Linear lithium-ion charger

[derGoldstein]

I've been working on the current-limiting part of a linear lithium-ion charger, which is very similar to the eevblog constant current load, for which there are countless threads on this forum already. So I read through many of them and came up with the attached circuit.
I quickly wired it up on a breadboard, without the noise-limiting components (R5, R6, C1) or the protection diodes (so as to keep it a simple test), and it works as expected. I used an LM7812 for voltage regulation because the mosfet I'm using isn't logic-level and I'm going to be charging 4S packs and above anyway. The D2 diode is in there in case the charging source is a battery itself. I used the LM358 because is the op-amp I'm most familiar with (which is to say, just a little more than completely unfamiliar with).

I have the following questions about the circuit:
1) Is there a reason not to use a very low-value sense resistor (0.1ohm or lower) to keep the heat loss through it to a minimum?
2) Since the load is a "component" which will change its voltage, the heat output of the mosfet will be greatest when the charging begins, and decrease as it progresses. If I'm charging a 5S lithium-ion pack from ~15V to 21V, the mosfet will start the charging process dissipating Vin-15*A watts of heat, and by the time it gets to the constant-voltage stage it will be dissipating Vin-21*A watts of heat. Is this correct?
3) The voltage drops from input to output so far are: ~1V for 200mA, ~1.8V for 500mA, and ~3V for 1A. Is this more to do with the characteristics of the circuit, the characteristics of the mosfet, the relatively high value of the sense resistor, or just the fact that it's on a breadboard and the connections are crappy?

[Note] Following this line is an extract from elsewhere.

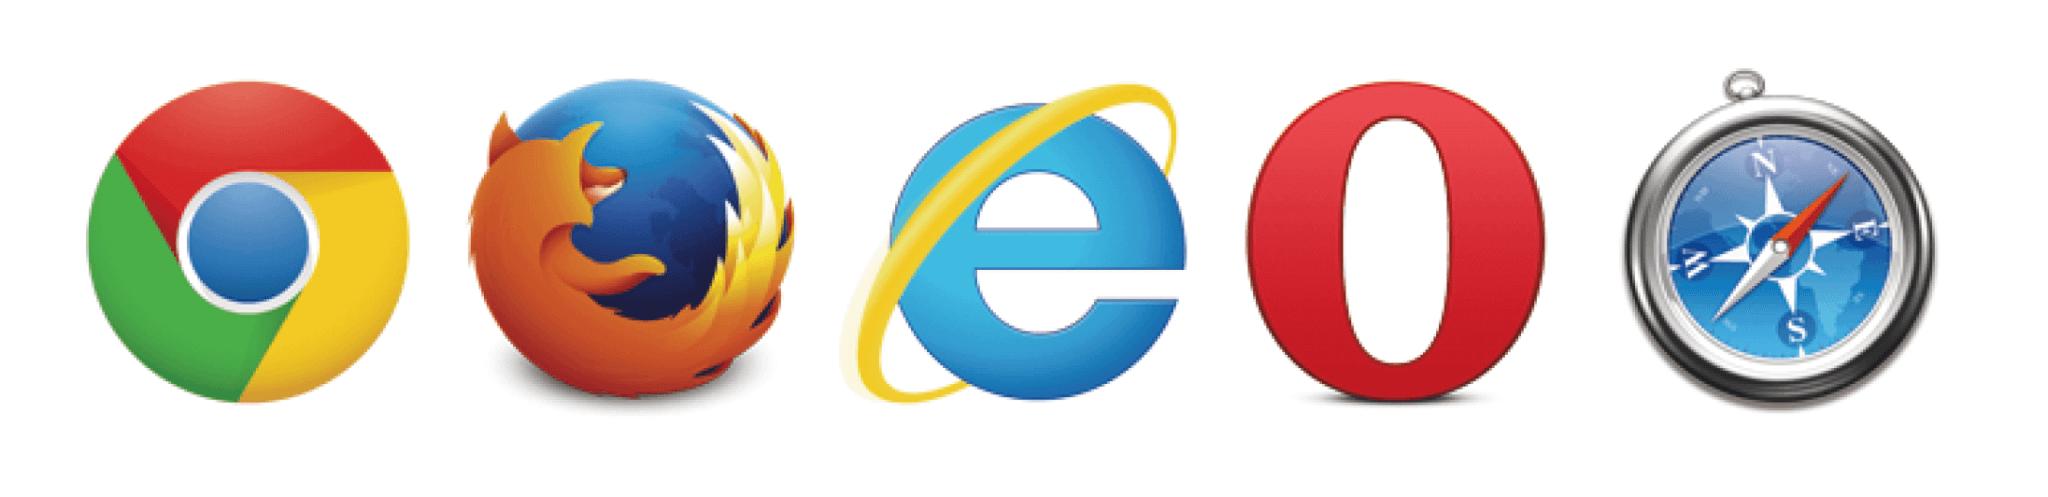 Webブラウザのアイコン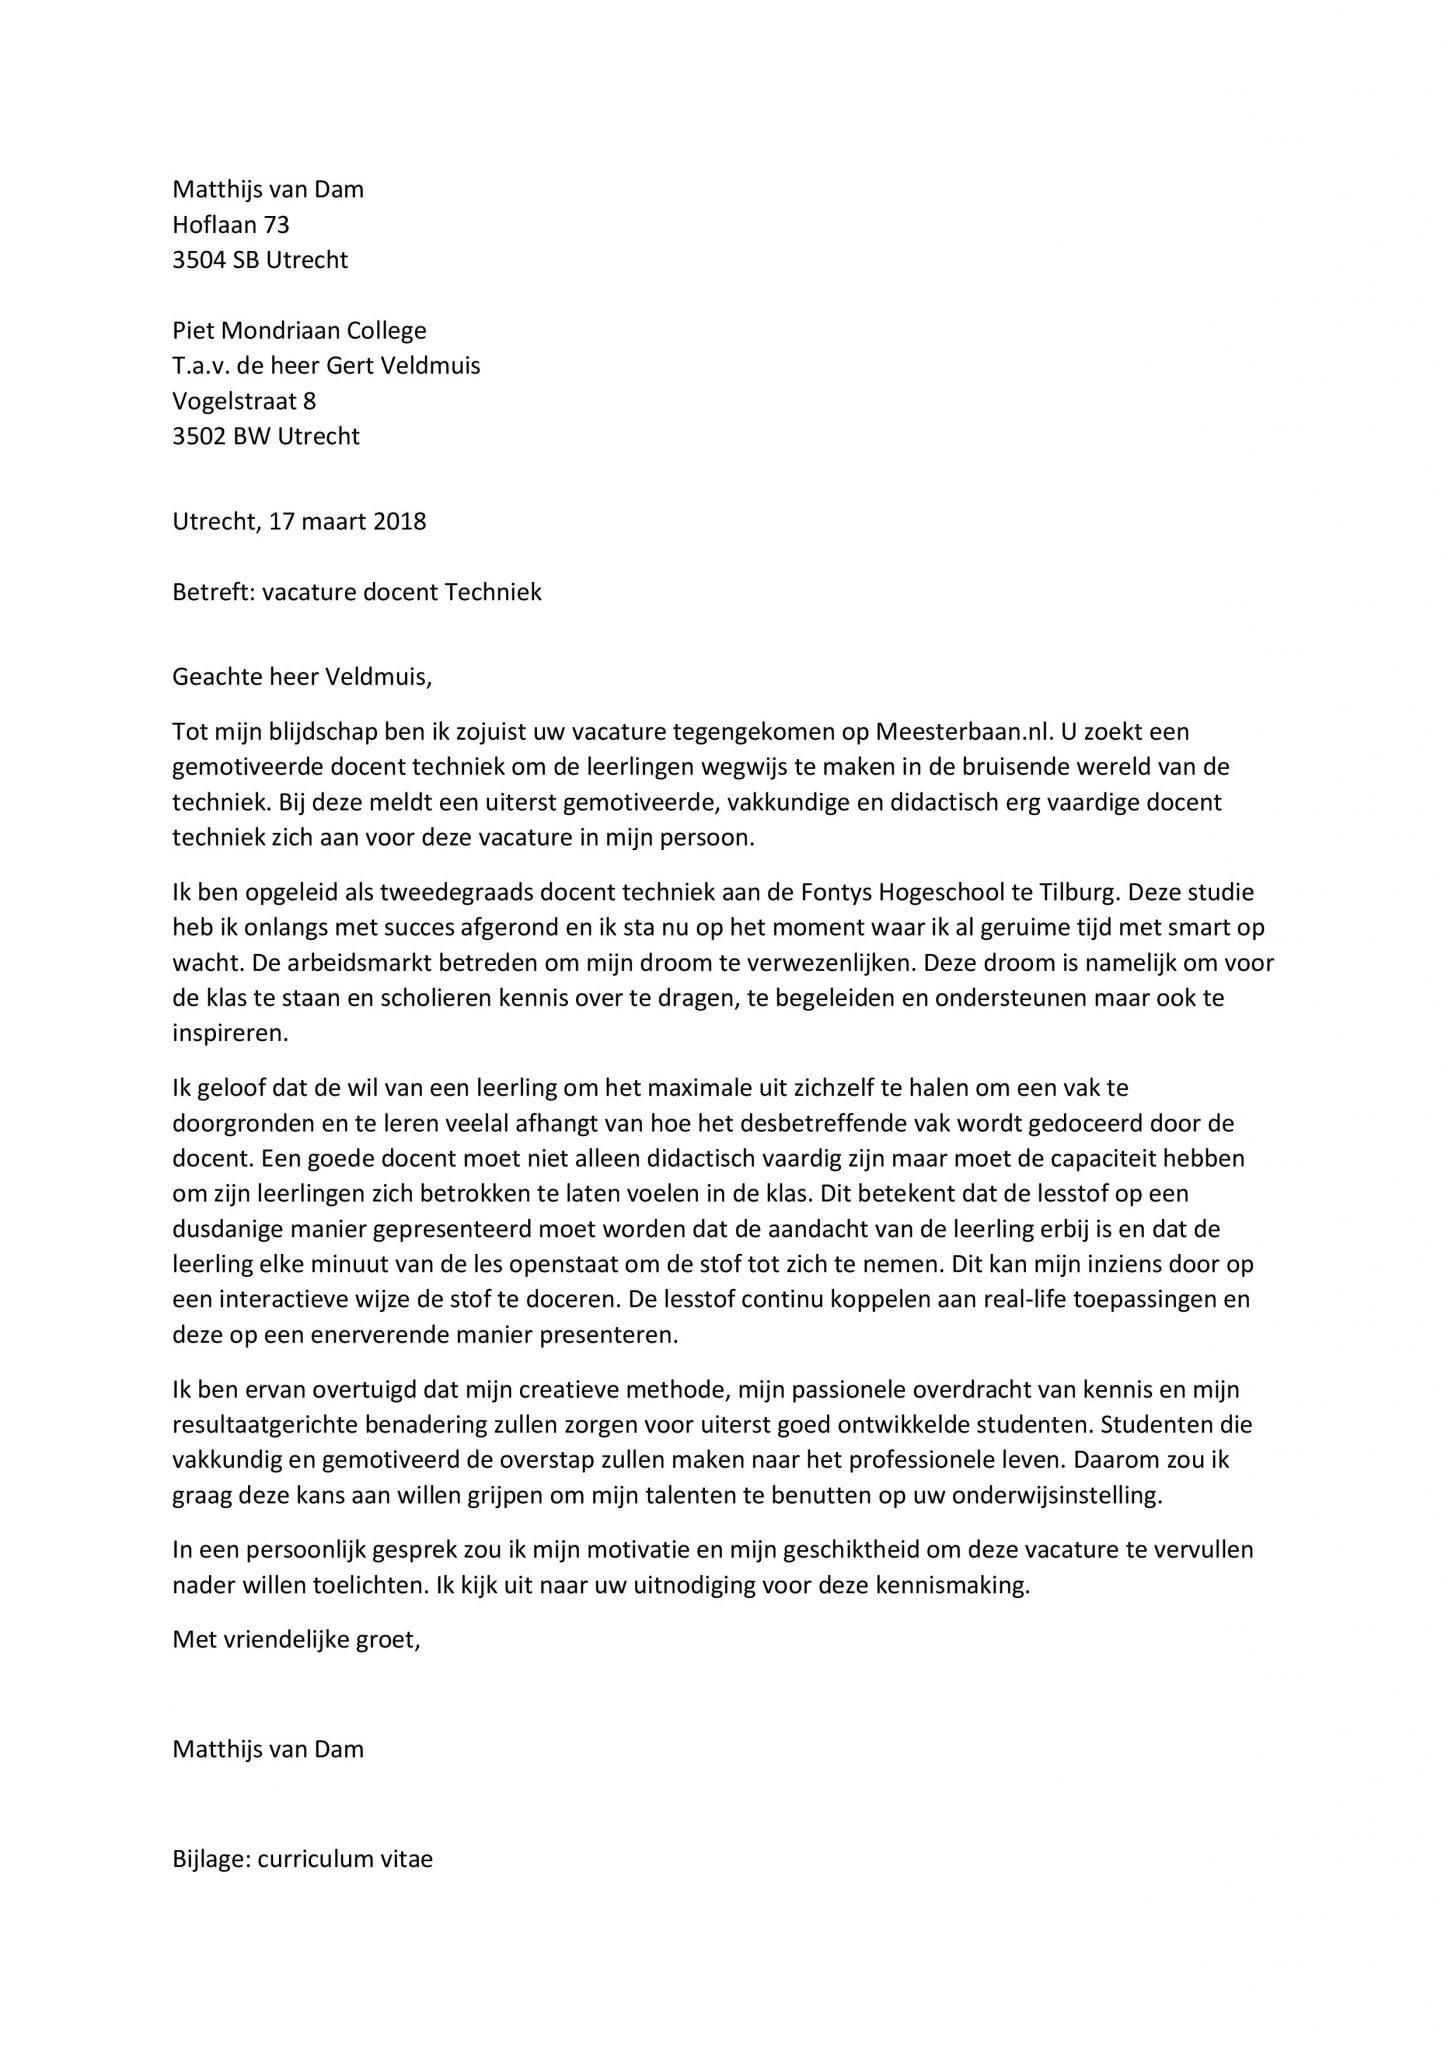 sollicitatiebrief techniek Sollicitatiebrief Docent Techniek   Sollicitatiebijbel.nl sollicitatiebrief techniek

Any other suggestions are welcome. Thanks.

[Signal32]

1. Only reason I can think of is the opamp's input offset voltage -- at 200mA you'll have 20mV across a 0.1R resistor and the offset voltage of the op-amp is 2mv, so you can get a 10% error when setting the current. For a 0.5R resistor, the  error will be 2%.
2. Well it will share the load with the current limiting resistor. So MOSFET + resistor will disspiate (Vin-15)*A at the start of charging. Yes, at constant voltage charge it will dissipate (Vin-21)*A.
3. "from input to output" ?  Do you mean from V+ to what the battery is getting ? What's the input voltage and how many cells.

[Audioguru]

Your circuit has no V+ number.
It also has no constant voltage mode. The battery will keep overcharging until it explodes or catches on fire. it also has no low charging current detection and disconnection.
A good lithium battery charger circuit measures the battery voltage at first and if it is low then it tries charging with a very low current. if the voltage does not rise after a certain amount of time then it disconnects the damaged battery to prevent an explosion or fire. Your circuit will apply full current continuously to a damaged battery and cause a spectacular event (post its video).
A multi-cell lithium battery needs a "balanced charger" to prevent one or more of the series cells from overcharging. The voltage across each cell is detected and if it exceeds 4.20V then that cell is shunted until the voltage drops to 4.20V.

[derGoldstein]

I omitted some details for the sake of brevity, maybe a bit too much.
I start with a voltage-regulated power supply which feeds into V+. If my battery pack is a 5S (21V max), I set the voltage regulation to 21V plus the minimum voltage drop of this circuit, which is 0.7V, so 21.7V. As long as the battery pack is drawing more current than this circuit will allow, it's in constant-current mode (I usually limit it to 1A, but larger packs can handle 3A or more). When the battery voltage gets close to its maximum 21V, its current draw will drop to below the current limiting range of this circuit, so it'll be in constant-voltage mode.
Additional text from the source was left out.